Writing is the only thread that I’m hanging onto right now…..I WILL WIN!!!!
HANGING ON TO HOPE
Dear Lord, I feel so lost today
Dealing with this broken vertebra
I’ve spent thirty-five years trying to control my pain
Now this broken bone is driving me insane
I’m usually stronger, but I’m losing my spirit
I can barely move any more and medications won’t clear it
I try everyday, to keep going on
But this broken vertebra wont’ heal and it’s taking so long
I’m back in a world of pain, silence and isolation
Each day I would wake up with gratitude and anticipation
I help so many others get out when they’re stuck
But, this broken bone is leaving me in such a rut
Dear Lord, help me heal, help me hold on to my faith
I fear I’ll return to the previous world that I hate
Where I’ll become an experimental pawn in medical madness
Having this fear, is causing me so much sadness
It’s seems the noose on my neck gets tighter each day
And I feel my motivation, my spirit and my dreams slip away
A prison of pain is all that I’ve known
But I freed myself out before, as I’ve learned and I’ve grown
Dear Lord, I need you now to speak louder and clear
Help me regain my momentum, my excitement, my flair
All the tools and techniques are not making a dent in this pain
And Lord, I fear that this new pain will drive me insane…..
(c) Giggles the Poet
August 17, 2018
I usually don’t talk about my serious problems, but I can’t deny this any more, or pretend that I’m not frightened by what’s been happening in my body since this vertebra broke over six months ago. I keep trying to push past the pain daily, but it comes back like a monster that won’t leave me in peace.

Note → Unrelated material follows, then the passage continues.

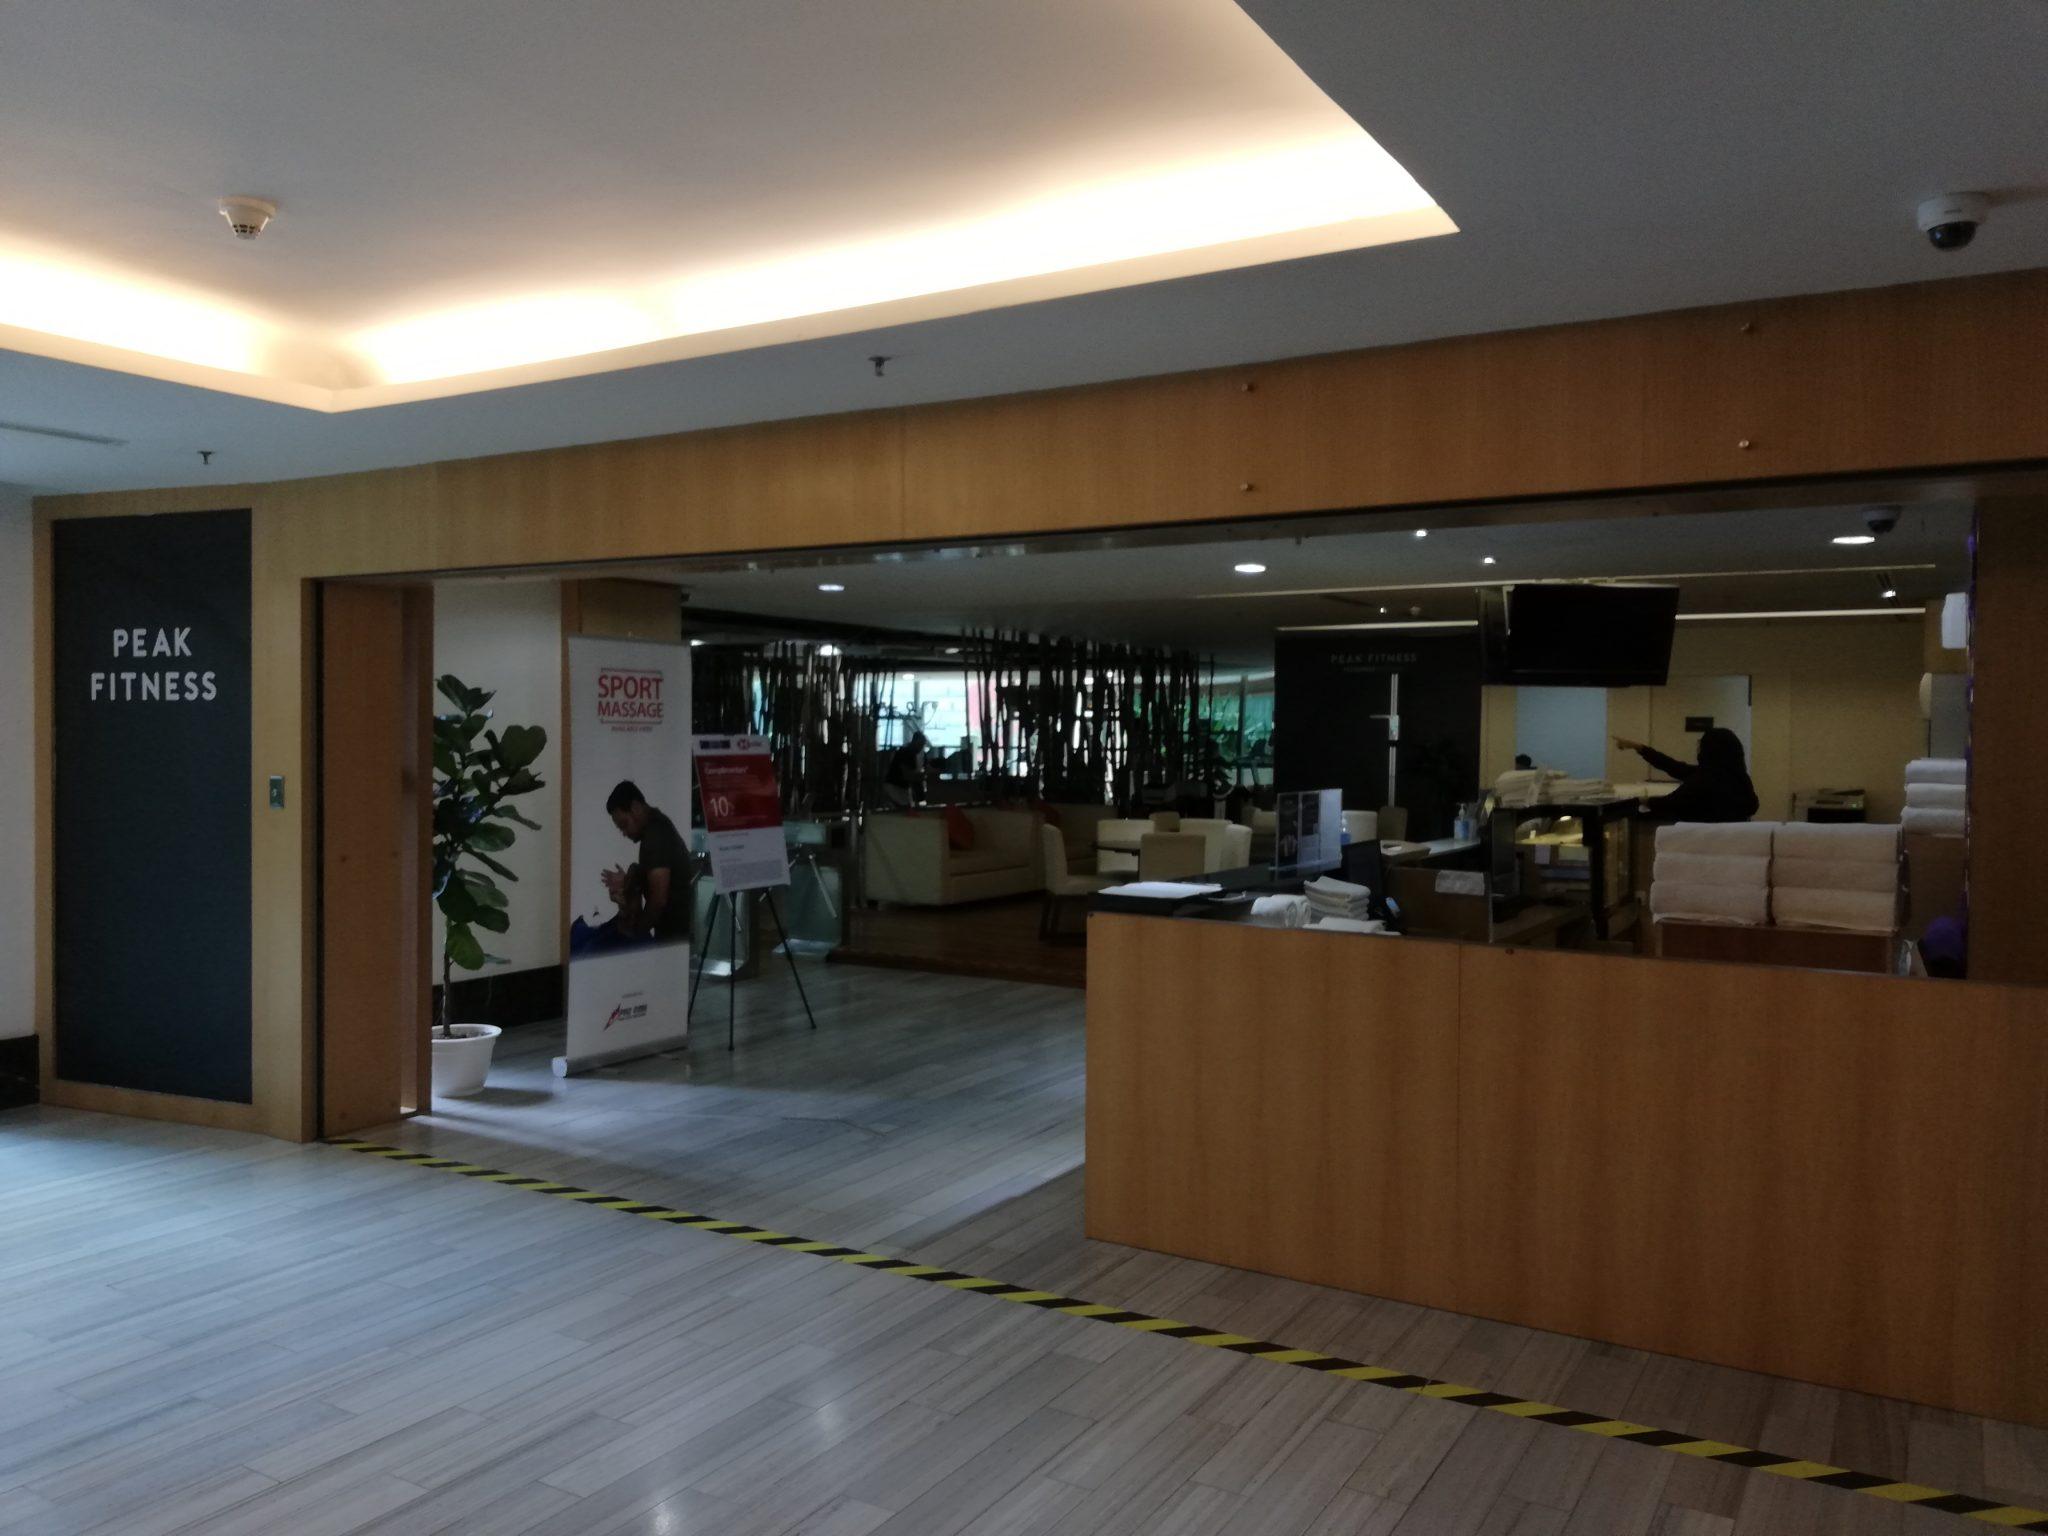 Peak Fitness G Tower, Kuala Lumpur

It’s taken me thirty-five years to learn how to control the nerve damage, “complex regional pain syndrome” after I was misdiagnosed in 1985. And I was on top, on my game, and so proud that I found a way to conquer the daily nerve pain, Fibromyalgia and destruction that was caused by a broken rib everyone misdiagnosed as “rhomboid muscle strain, or PSTD.”
A broken bone is far different than muscle problems…..and now, I’m back to where I fought so hard to get out of “MEDICAL MADNESS” isolation and silence….Lord, help me out again……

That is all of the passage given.